Храм Архангела Михаила

 

Современность и революция в публицистике А.Блока

image156797459

В многожанровой публицистике и литературно-критической прозе А.Блока современность постигается как духовно-нравственная, религиозная, социокультурная проблема. Его публицистические выступления, обзорные и проблемные статьи, литературно-критические очерки, рецензии явили симбиоз аналитического и образного, мистического мышления и через приближение к различным художественным мирам выводили к прозрению импульсов и болезней современного общественного и культурного сознания. Подобное диагностирование, постепенно находившее воплощение и в блоковском поэтическом опыте, в его публицистике активизировалось именно в периоды революционных потрясений – в 1905 – 1908 гг., а затем в 1918 – 1920 гг., ибо уже первая революция «обнажила для Блока дисгармоничную, катастрофическую природу бытия» [1, С.105].
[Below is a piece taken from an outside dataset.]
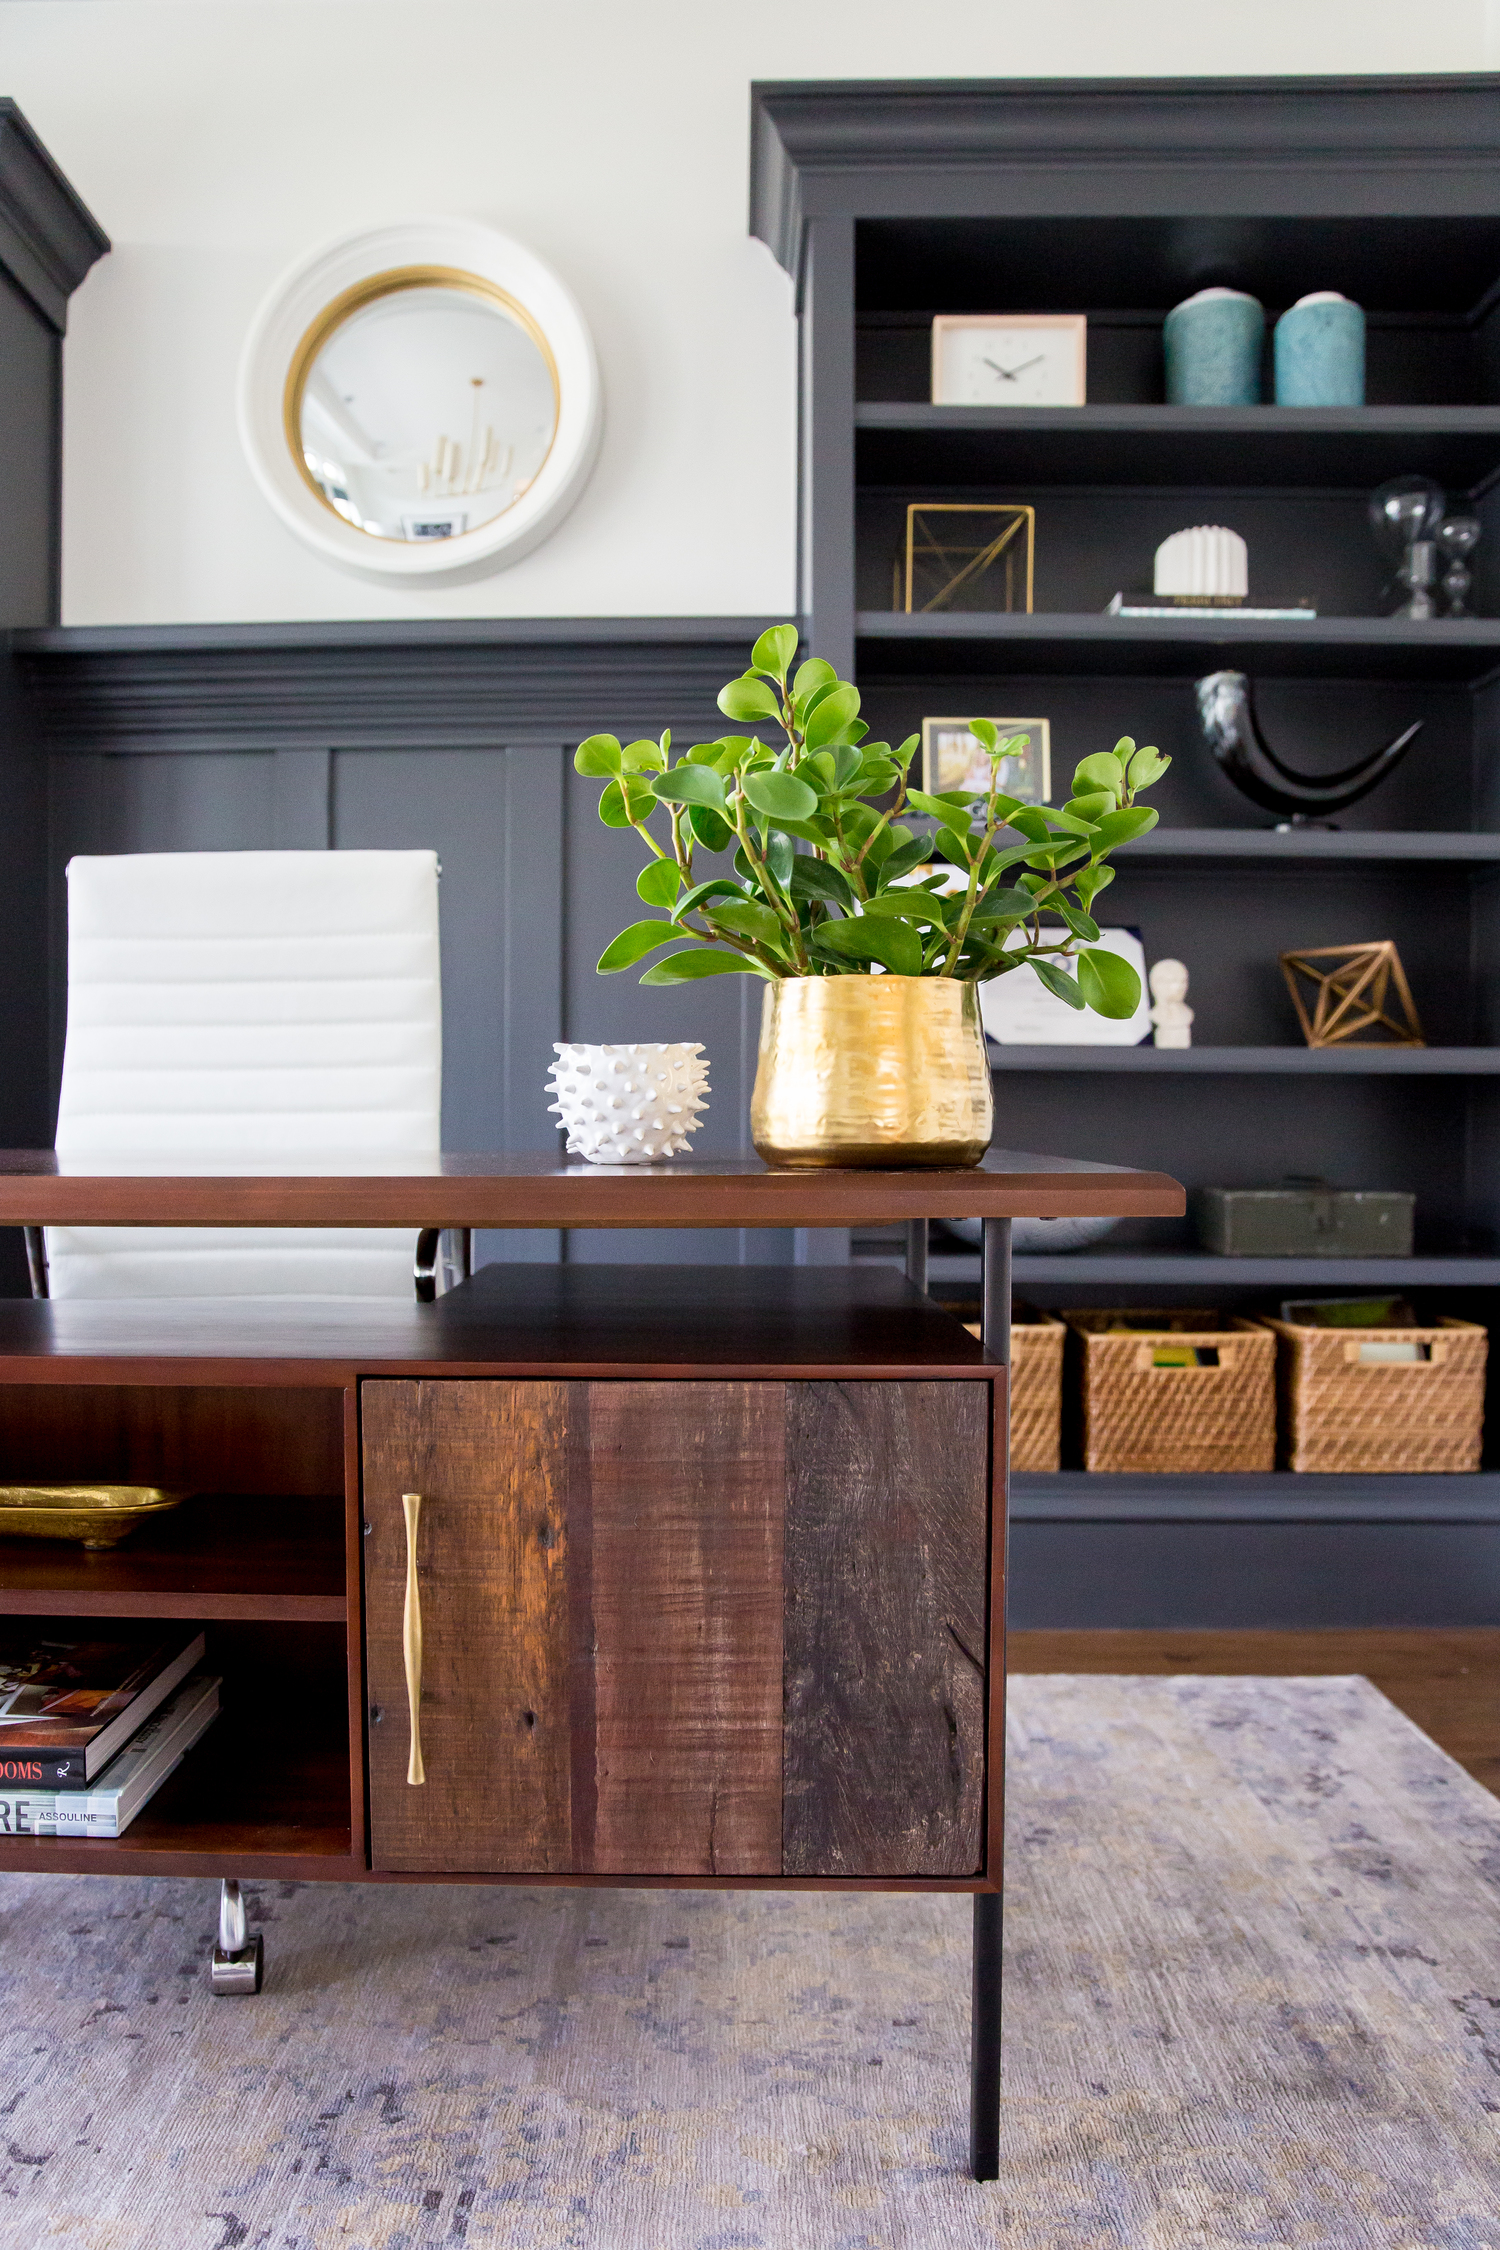 Rustic desk in front of built in shelves

В ранних работах Блока самопознание и познание современности складываются из мозаики частных литературно-критических характеристик. В статье «Безвременье» (1906) он вглядывается в рассказ Л.Андреева «Ангелочек», различая в нем мотивы «Мальчика у Христа на елке» Достоевского, проникается ритмами стихотворений А.Белого, где «пляшет Россия под звуки длинной и унылой песни о безбытности, о протекающих мигах, о пробегающих полосатых верстах»[1], прослеживает сгущение трагедийного мирочувствия в литературе ХIХ в.: «Гоголь и Лермонтов бессознательно и невоплощенно касаются крылами к вечной гармонии и летят прочь, горя, но не сгорая. Достоевский, как падучая звезда, пролетает в летучих туманах Гоголя и Лермонтова; он хочет преобразить несбыточное, превратить его в бытие, и за это венчается страданием». «Смерч, разразившийся в душе писателя» заставляет расслышать «ноту безумия», которая зарождается в литературе и вырывается из нее в эмпирическую реальность: «Это – нота, тянущаяся сквозь всю русскую литературу XIX века, ставшая к концу его только надорванней, пронзительней и потому — слышнее. В ней звучит безмерное отчаянье, потому что в ней причина розни писателей и публики, в ней выражает писатель свой страх за безумие себя и мира…» В гротескно-фантастических отсветах миров Гоголя, Достоевского, Андреева, Белого, Э.По вызревает интуиция лирического «мы» блоковских статей о том, что и «наша действительность проходит в красном свете. Дни все громче от криков, от машущих красных флагов; вечером город, задремавший на минуту, окровавлен зарей»; что революционная современность отмечена болезненной обнаженностью внутреннего существа человека, силящегося противостоять всевозможным маскам и профанациям: «Мы живем в эпоху распахнувшихся на площадь дверей, отпылавших очагов, потухших окон… Смерть зовет взглянуть на свои обнаженные язвы и хохочет промозгло, как будто вдали тревожно бьют в барабан… Зажженные со всех концов, мы кружимся в воздухе, как несчастные маски, застигнутые врасплох мстительным шутом у Эдгара По. Но мы, дети своего века, боремся с этим головокружением. Какая-то дьявольская живучесть помогает нам гореть и не сгорать».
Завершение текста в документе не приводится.